#### [Data shown]
╔══

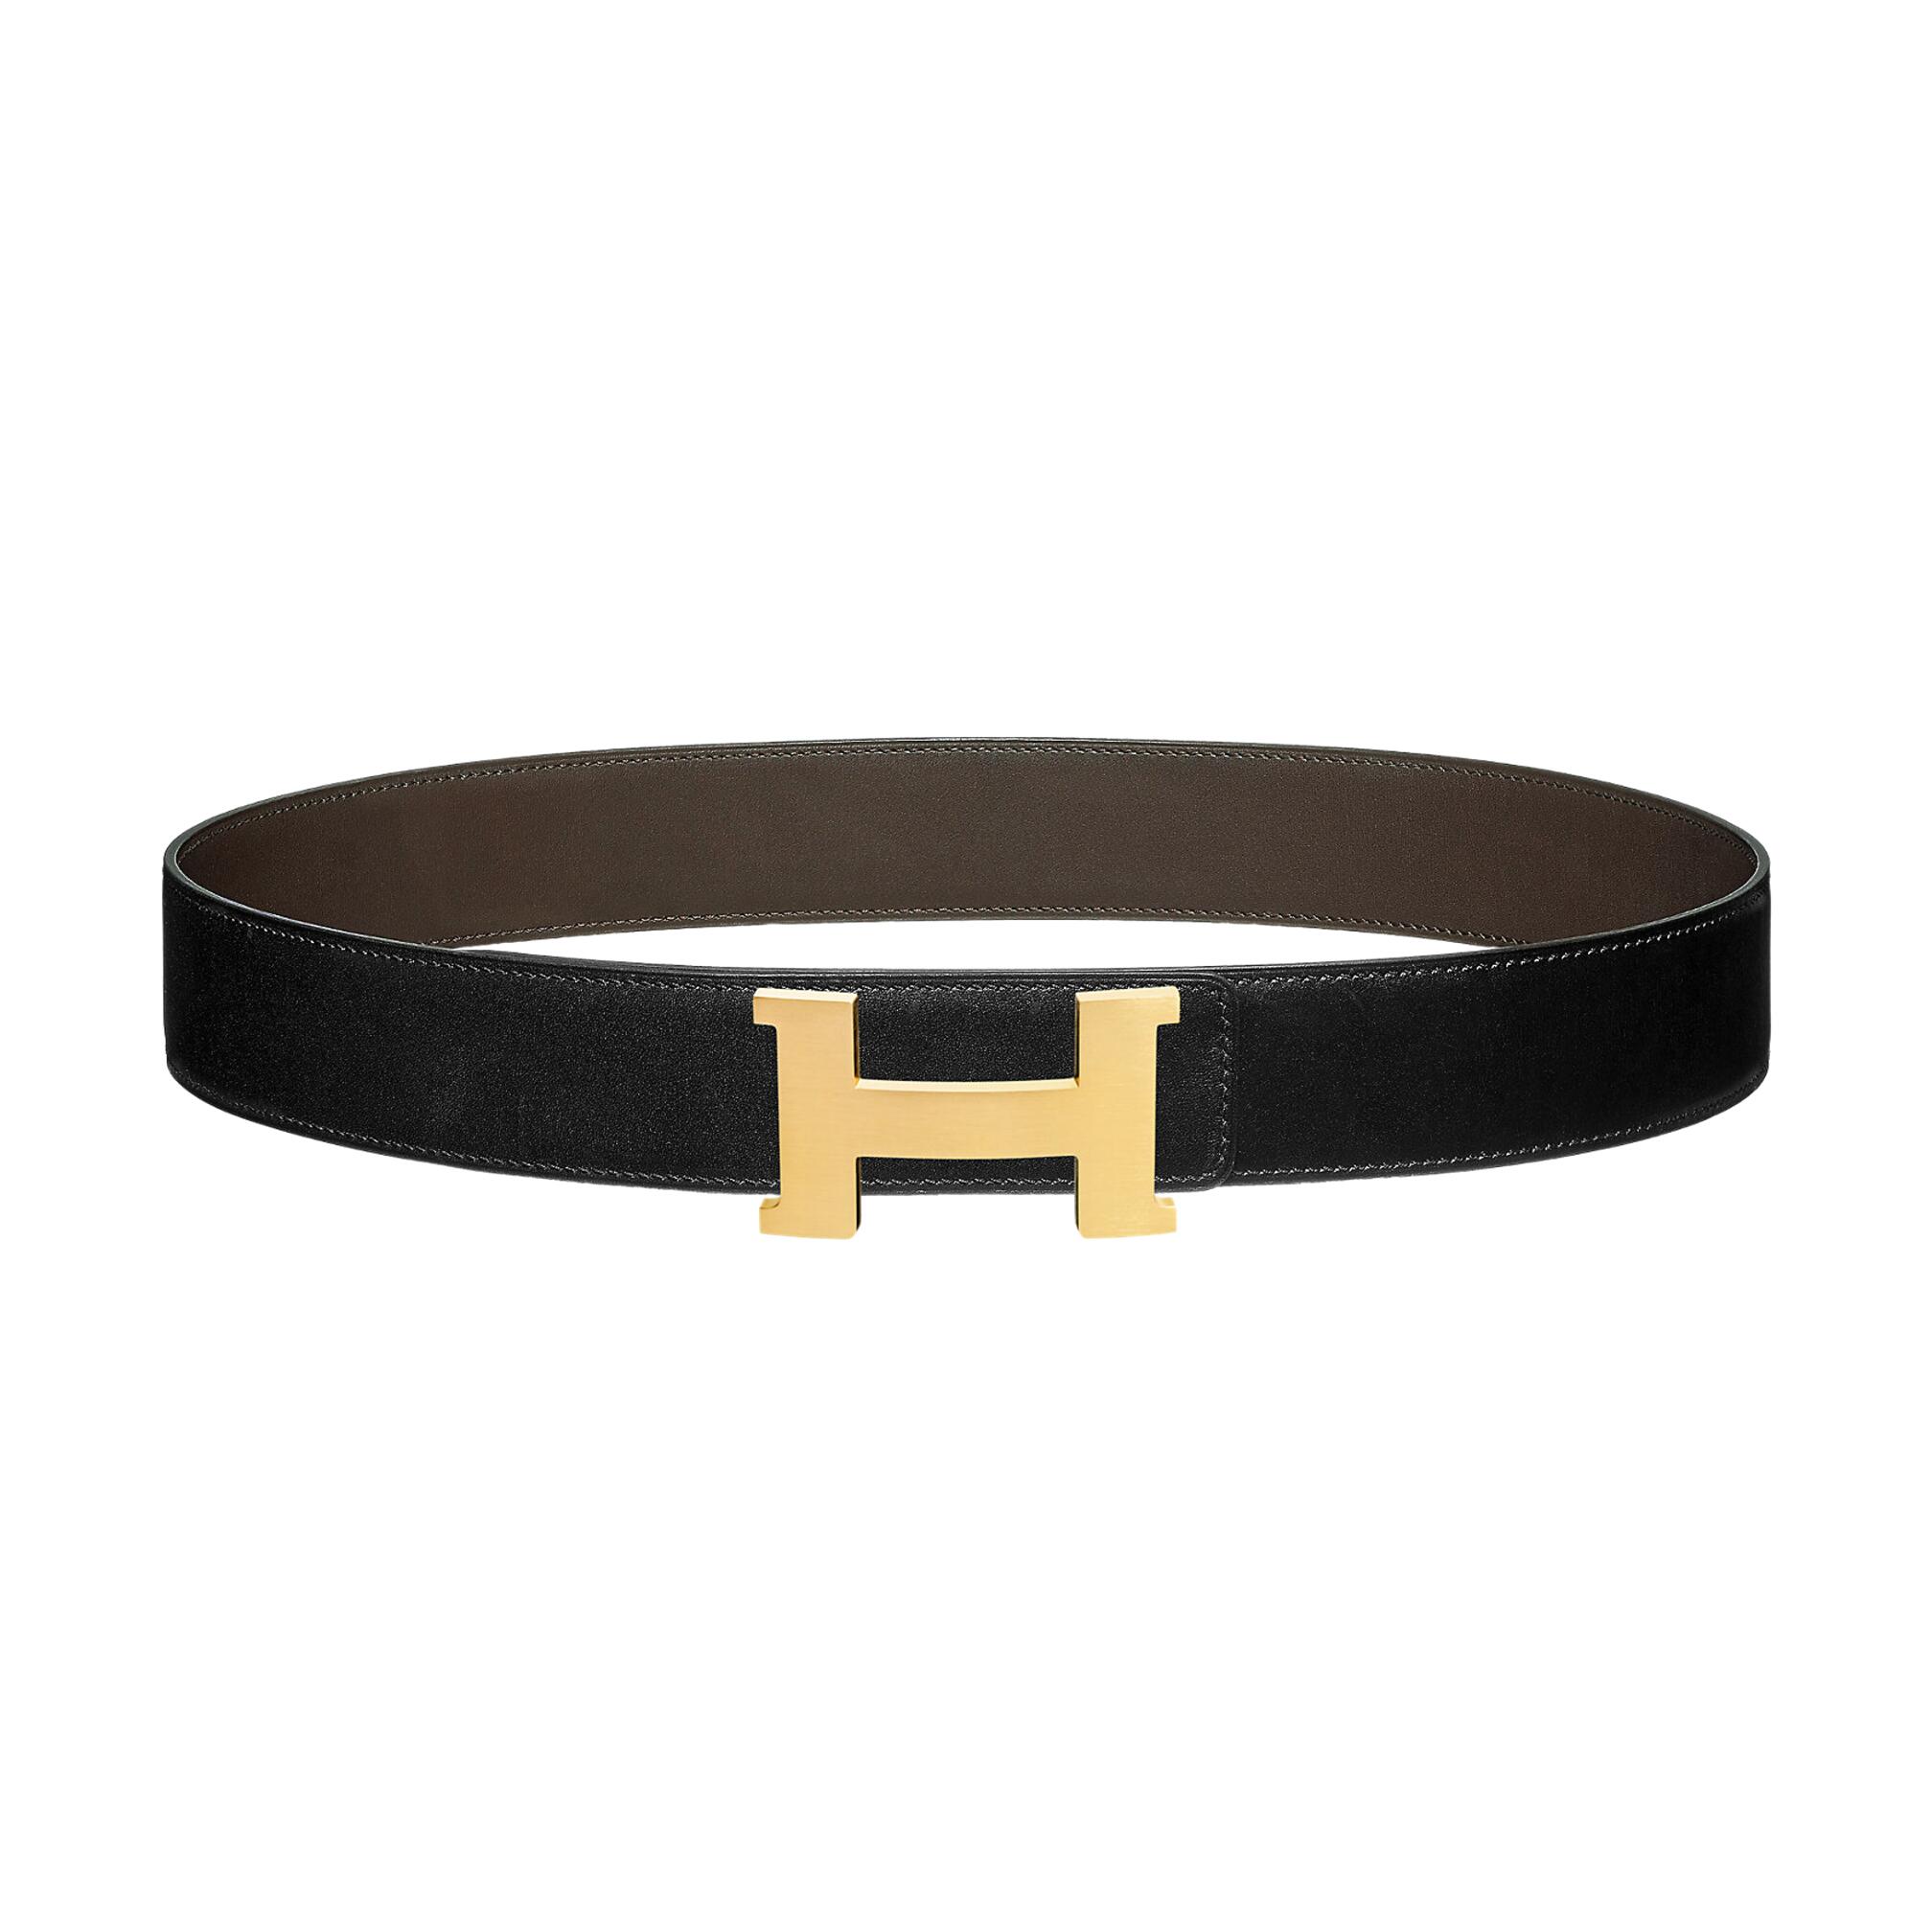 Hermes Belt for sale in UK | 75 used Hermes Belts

╚══
╔══

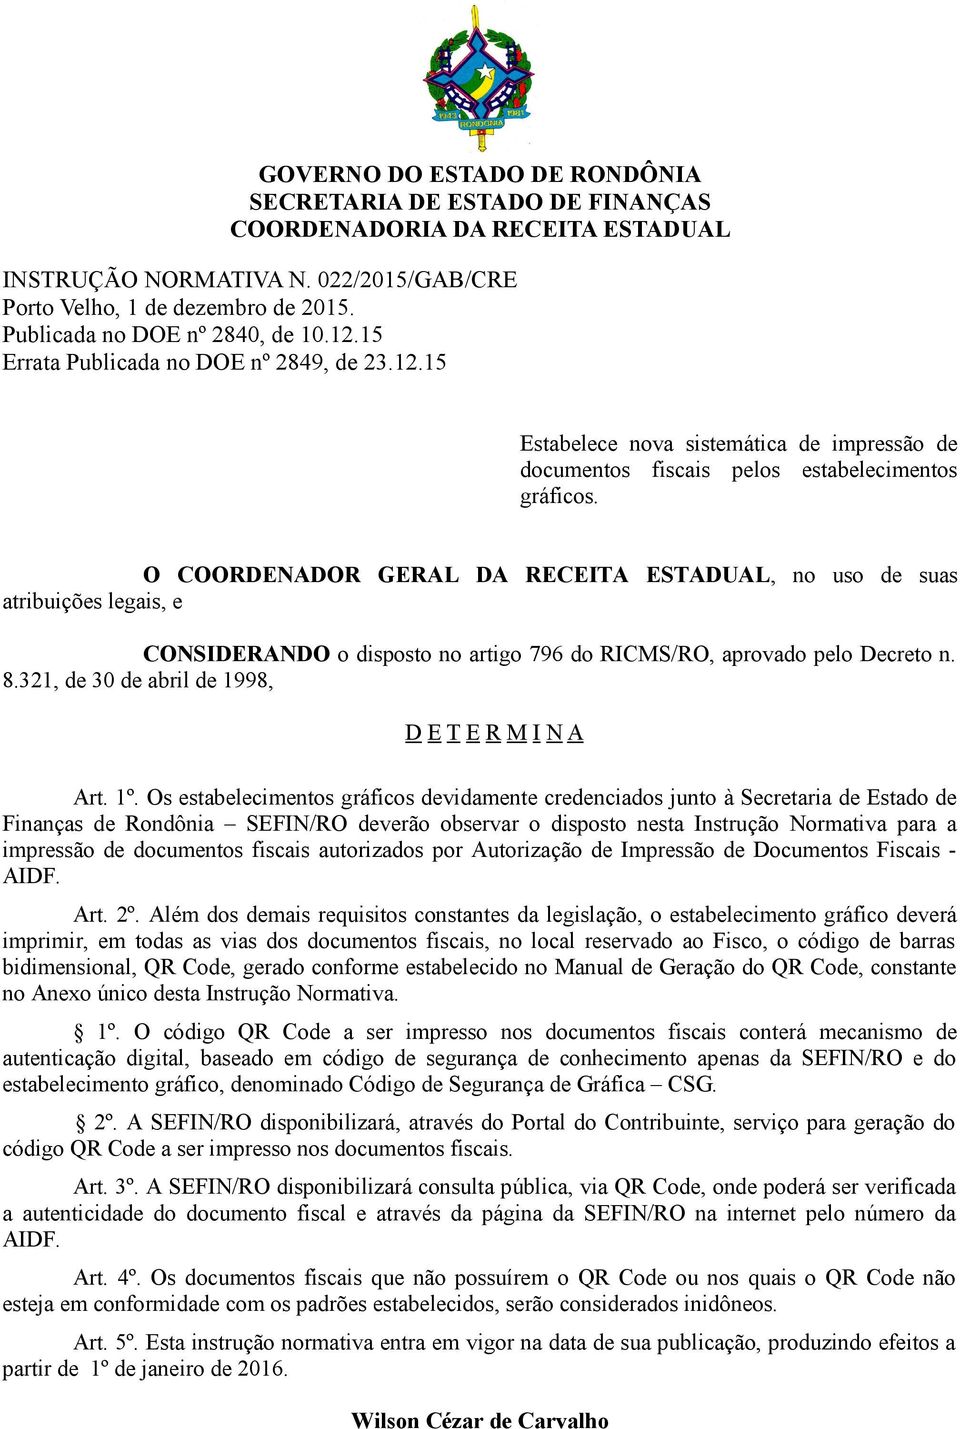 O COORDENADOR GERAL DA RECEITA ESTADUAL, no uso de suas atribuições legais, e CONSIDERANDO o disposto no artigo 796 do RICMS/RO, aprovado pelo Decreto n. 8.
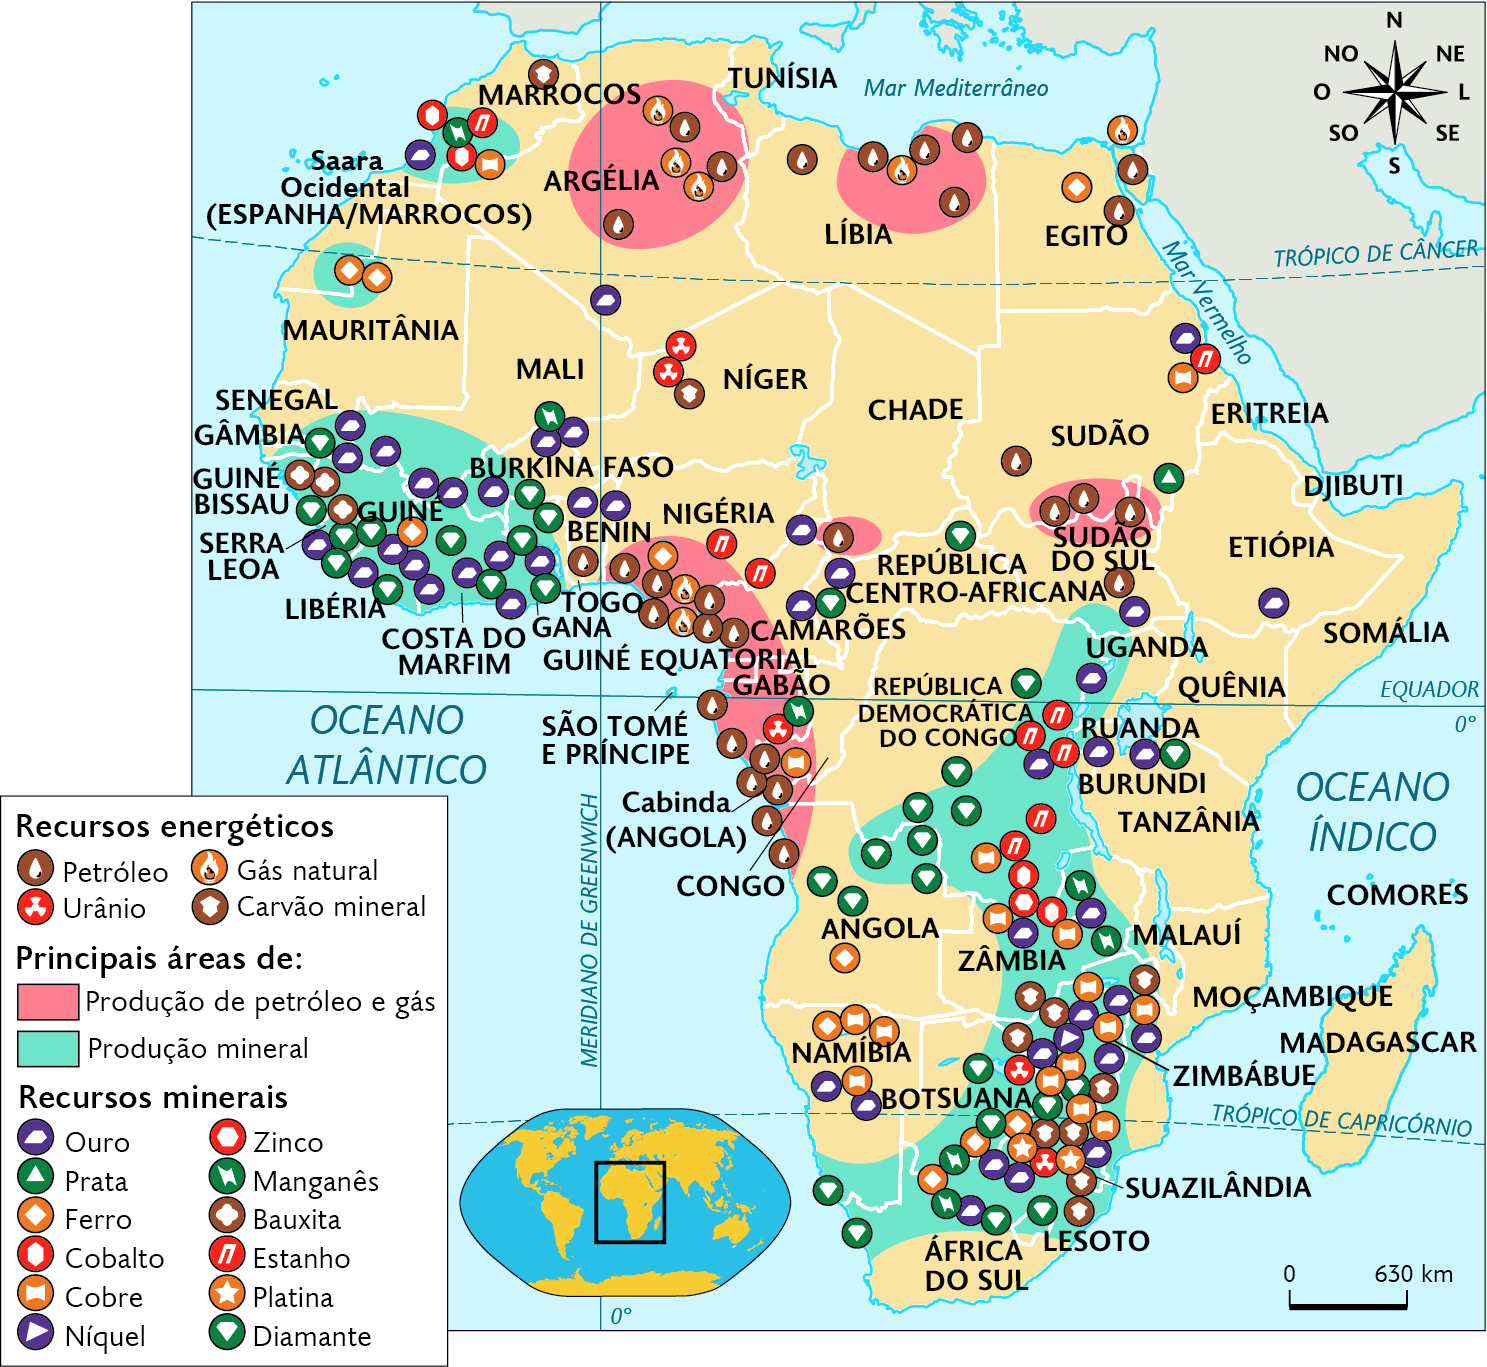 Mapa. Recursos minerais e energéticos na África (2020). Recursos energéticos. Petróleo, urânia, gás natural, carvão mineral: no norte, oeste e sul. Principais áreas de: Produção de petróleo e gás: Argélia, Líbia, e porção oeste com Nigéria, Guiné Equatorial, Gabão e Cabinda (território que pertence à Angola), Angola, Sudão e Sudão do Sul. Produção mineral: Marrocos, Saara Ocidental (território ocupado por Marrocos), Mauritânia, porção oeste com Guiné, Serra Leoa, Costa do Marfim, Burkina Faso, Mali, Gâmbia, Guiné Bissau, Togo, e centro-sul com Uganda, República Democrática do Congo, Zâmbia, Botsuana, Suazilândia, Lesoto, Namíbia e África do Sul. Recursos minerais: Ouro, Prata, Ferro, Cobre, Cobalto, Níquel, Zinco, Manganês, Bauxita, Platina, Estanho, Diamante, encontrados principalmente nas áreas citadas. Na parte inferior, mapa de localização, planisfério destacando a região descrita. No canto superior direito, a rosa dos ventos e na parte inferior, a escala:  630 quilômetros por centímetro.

╚══

#### [Problem]
Only one stretch of the listing above is to be duplicated: the lines from the one containing "O COORDENADOR GERAL" through the one containing "Mapa. Recursos minerais", both included. Copy them exactly, minus the pictures.

#### [Solved exercise]
 O COORDENADOR GERAL DA RECEITA ESTADUAL, no uso de suas atribuições legais, e CONSIDERANDO o disposto no artigo 796 do RICMS/RO, aprovado pelo Decreto n. 8.
 Mapa. Recursos minerais e energéticos na África (2020). Recursos energéticos. Petróleo, urânia, gás natural, carvão mineral: no norte, oeste e sul. Principais áreas de: Produção de petróleo e gás: Argélia, Líbia, e porção oeste com Nigéria, Guiné Equatorial, Gabão e Cabinda (território que pertence à Angola), Angola, Sudão e Sudão do Sul. Produção mineral: Marrocos, Saara Ocidental (território ocupado por Marrocos), Mauritânia, porção oeste com Guiné, Serra Leoa, Costa do Marfim, Burkina Faso, Mali, Gâmbia, Guiné Bissau, Togo, e centro-sul com Uganda, República Democrática do Congo, Zâmbia, Botsuana, Suazilândia, Lesoto, Namíbia e África do Sul. Recursos minerais: Ouro, Prata, Ferro, Cobre, Cobalto, Níquel, Zinco, Manganês, Bauxita, Platina, Estanho, Diamante, encontrados principalmente nas áreas citadas. Na parte inferior, mapa de localização, planisfério destacando a região descrita. No canto superior direito, a rosa dos ventos e na parte inferior, a escala:  630 quilômetros por centímetro.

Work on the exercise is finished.